# [Exercise data]
----

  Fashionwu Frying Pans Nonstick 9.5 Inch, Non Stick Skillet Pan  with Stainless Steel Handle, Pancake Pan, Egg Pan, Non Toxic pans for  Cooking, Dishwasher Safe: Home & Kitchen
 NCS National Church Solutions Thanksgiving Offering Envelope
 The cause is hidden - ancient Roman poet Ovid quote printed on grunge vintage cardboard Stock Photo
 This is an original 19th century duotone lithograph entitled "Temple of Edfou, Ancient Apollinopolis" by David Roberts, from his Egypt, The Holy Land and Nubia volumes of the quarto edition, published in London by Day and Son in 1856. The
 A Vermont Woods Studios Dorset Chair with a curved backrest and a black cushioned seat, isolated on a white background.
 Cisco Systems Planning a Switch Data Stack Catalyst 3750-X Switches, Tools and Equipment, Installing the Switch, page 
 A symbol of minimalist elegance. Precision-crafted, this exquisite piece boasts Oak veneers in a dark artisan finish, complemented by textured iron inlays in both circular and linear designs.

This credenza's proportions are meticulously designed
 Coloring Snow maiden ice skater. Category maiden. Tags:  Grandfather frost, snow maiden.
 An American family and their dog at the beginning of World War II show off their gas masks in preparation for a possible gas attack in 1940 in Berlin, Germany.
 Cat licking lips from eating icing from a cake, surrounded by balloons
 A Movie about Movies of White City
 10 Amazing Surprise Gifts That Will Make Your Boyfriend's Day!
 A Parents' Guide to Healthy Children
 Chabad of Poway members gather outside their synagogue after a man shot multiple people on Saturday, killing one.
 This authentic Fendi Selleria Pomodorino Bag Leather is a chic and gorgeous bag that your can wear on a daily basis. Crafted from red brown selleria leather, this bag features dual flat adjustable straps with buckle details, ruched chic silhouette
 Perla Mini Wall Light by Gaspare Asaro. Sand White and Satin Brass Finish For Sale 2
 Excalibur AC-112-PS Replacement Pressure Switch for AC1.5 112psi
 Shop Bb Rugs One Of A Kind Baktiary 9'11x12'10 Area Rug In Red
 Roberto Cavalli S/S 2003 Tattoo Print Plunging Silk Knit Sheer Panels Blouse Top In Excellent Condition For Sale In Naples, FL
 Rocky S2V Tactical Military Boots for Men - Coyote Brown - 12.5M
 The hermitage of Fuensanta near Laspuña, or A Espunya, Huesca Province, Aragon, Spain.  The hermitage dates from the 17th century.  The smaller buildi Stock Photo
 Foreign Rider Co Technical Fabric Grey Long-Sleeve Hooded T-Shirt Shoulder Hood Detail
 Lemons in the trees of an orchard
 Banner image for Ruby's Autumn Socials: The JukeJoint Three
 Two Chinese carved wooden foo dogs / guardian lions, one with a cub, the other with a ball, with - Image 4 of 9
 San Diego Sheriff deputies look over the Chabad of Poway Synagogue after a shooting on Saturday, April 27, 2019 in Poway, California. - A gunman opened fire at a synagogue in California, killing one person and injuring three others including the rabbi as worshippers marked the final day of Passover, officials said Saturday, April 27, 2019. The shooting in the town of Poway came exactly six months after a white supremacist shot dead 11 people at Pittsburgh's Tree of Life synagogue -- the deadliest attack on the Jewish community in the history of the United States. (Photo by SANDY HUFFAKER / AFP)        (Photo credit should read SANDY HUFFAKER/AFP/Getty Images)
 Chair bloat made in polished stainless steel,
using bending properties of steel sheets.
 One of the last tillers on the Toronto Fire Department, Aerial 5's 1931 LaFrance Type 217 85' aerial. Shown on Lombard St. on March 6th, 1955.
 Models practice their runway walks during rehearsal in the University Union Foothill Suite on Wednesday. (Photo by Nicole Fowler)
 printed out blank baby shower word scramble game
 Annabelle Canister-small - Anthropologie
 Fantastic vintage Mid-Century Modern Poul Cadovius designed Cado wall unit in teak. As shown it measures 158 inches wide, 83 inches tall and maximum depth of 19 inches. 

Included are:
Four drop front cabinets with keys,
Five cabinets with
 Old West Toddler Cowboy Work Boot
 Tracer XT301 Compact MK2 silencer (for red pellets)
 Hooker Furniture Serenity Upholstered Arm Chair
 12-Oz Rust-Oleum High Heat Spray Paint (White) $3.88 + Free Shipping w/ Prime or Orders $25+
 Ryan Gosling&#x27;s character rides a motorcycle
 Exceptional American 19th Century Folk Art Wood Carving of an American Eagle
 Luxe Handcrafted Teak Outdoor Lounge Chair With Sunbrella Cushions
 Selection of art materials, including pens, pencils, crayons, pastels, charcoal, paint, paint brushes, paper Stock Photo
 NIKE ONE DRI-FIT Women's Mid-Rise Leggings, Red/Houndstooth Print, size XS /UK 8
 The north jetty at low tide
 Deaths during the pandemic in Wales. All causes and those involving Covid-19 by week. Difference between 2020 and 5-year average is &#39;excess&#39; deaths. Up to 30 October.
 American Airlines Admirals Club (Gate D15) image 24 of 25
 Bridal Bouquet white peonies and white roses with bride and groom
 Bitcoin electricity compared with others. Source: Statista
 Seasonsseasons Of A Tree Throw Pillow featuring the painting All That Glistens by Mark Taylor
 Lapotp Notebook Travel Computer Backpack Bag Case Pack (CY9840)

----

# [About this task]
Please return every line of the listing exactly.

# [Exercise solution]
  Fashionwu Frying Pans Nonstick 9.5 Inch, Non Stick Skillet Pan  with Stainless Steel Handle, Pancake Pan, Egg Pan, Non Toxic pans for  Cooking, Dishwasher Safe: Home & Kitchen
 NCS National Church Solutions Thanksgiving Offering Envelope
 The cause is hidden - ancient Roman poet Ovid quote printed on grunge vintage cardboard Stock Photo
 This is an original 19th century duotone lithograph entitled "Temple of Edfou, Ancient Apollinopolis" by David Roberts, from his Egypt, The Holy Land and Nubia volumes of the quarto edition, published in London by Day and Son in 1856. The
 A Vermont Woods Studios Dorset Chair with a curved backrest and a black cushioned seat, isolated on a white background.
 Cisco Systems Planning a Switch Data Stack Catalyst 3750-X Switches, Tools and Equipment, Installing the Switch, page 
 A symbol of minimalist elegance. Precision-crafted, this exquisite piece boasts Oak veneers in a dark artisan finish, complemented by textured iron inlays in both circular and linear designs.

This credenza's proportions are meticulously designed
 Coloring Snow maiden ice skater. Category maiden. Tags:  Grandfather frost, snow maiden.
 An American family and their dog at the beginning of World War II show off their gas masks in preparation for a possible gas attack in 1940 in Berlin, Germany.
 Cat licking lips from eating icing from a cake, surrounded by balloons
 A Movie about Movies of White City
 10 Amazing Surprise Gifts That Will Make Your Boyfriend's Day!
 A Parents' Guide to Healthy Children
 Chabad of Poway members gather outside their synagogue after a man shot multiple people on Saturday, killing one.
 This authentic Fendi Selleria Pomodorino Bag Leather is a chic and gorgeous bag that your can wear on a daily basis. Crafted from red brown selleria leather, this bag features dual flat adjustable straps with buckle details, ruched chic silhouette
 Perla Mini Wall Light by Gaspare Asaro. Sand White and Satin Brass Finish For Sale 2
 Excalibur AC-112-PS Replacement Pressure Switch for AC1.5 112psi
 Shop Bb Rugs One Of A Kind Baktiary 9'11x12'10 Area Rug In Red
 Roberto Cavalli S/S 2003 Tattoo Print Plunging Silk Knit Sheer Panels Blouse Top In Excellent Condition For Sale In Naples, FL
 Rocky S2V Tactical Military Boots for Men - Coyote Brown - 12.5M
 The hermitage of Fuensanta near Laspuña, or A Espunya, Huesca Province, Aragon, Spain.  The hermitage dates from the 17th century.  The smaller buildi Stock Photo
 Foreign Rider Co Technical Fabric Grey Long-Sleeve Hooded T-Shirt Shoulder Hood Detail
 Lemons in the trees of an orchard
 Banner image for Ruby's Autumn Socials: The JukeJoint Three
 Two Chinese carved wooden foo dogs / guardian lions, one with a cub, the other with a ball, with - Image 4 of 9
 San Diego Sheriff deputies look over the Chabad of Poway Synagogue after a shooting on Saturday, April 27, 2019 in Poway, California. - A gunman opened fire at a synagogue in California, killing one person and injuring three others including the rabbi as worshippers marked the final day of Passover, officials said Saturday, April 27, 2019. The shooting in the town of Poway came exactly six months after a white supremacist shot dead 11 people at Pittsburgh's Tree of Life synagogue -- the deadliest attack on the Jewish community in the history of the United States. (Photo by SANDY HUFFAKER / AFP)        (Photo credit should read SANDY HUFFAKER/AFP/Getty Images)
 Chair bloat made in polished stainless steel,
using bending properties of steel sheets.
 One of the last tillers on the Toronto Fire Department, Aerial 5's 1931 LaFrance Type 217 85' aerial. Shown on Lombard St. on March 6th, 1955.
 Models practice their runway walks during rehearsal in the University Union Foothill Suite on Wednesday. (Photo by Nicole Fowler)
 printed out blank baby shower word scramble game
 Annabelle Canister-small - Anthropologie
 Fantastic vintage Mid-Century Modern Poul Cadovius designed Cado wall unit in teak. As shown it measures 158 inches wide, 83 inches tall and maximum depth of 19 inches. 

Included are:
Four drop front cabinets with keys,
Five cabinets with
 Old West Toddler Cowboy Work Boot
 Tracer XT301 Compact MK2 silencer (for red pellets)
 Hooker Furniture Serenity Upholstered Arm Chair
 12-Oz Rust-Oleum High Heat Spray Paint (White) $3.88 + Free Shipping w/ Prime or Orders $25+
 Ryan Gosling&#x27;s character rides a motorcycle
 Exceptional American 19th Century Folk Art Wood Carving of an American Eagle
 Luxe Handcrafted Teak Outdoor Lounge Chair With Sunbrella Cushions
 Selection of art materials, including pens, pencils, crayons, pastels, charcoal, paint, paint brushes, paper Stock Photo
 NIKE ONE DRI-FIT Women's Mid-Rise Leggings, Red/Houndstooth Print, size XS /UK 8
 The north jetty at low tide
 Deaths during the pandemic in Wales. All causes and those involving Covid-19 by week. Difference between 2020 and 5-year average is &#39;excess&#39; deaths. Up to 30 October.
 American Airlines Admirals Club (Gate D15) image 24 of 25
 Bridal Bouquet white peonies and white roses with bride and groom
 Bitcoin electricity compared with others. Source: Statista
 Seasonsseasons Of A Tree Throw Pillow featuring the painting All That Glistens by Mark Taylor
 Lapotp Notebook Travel Computer Backpack Bag Case Pack (CY9840)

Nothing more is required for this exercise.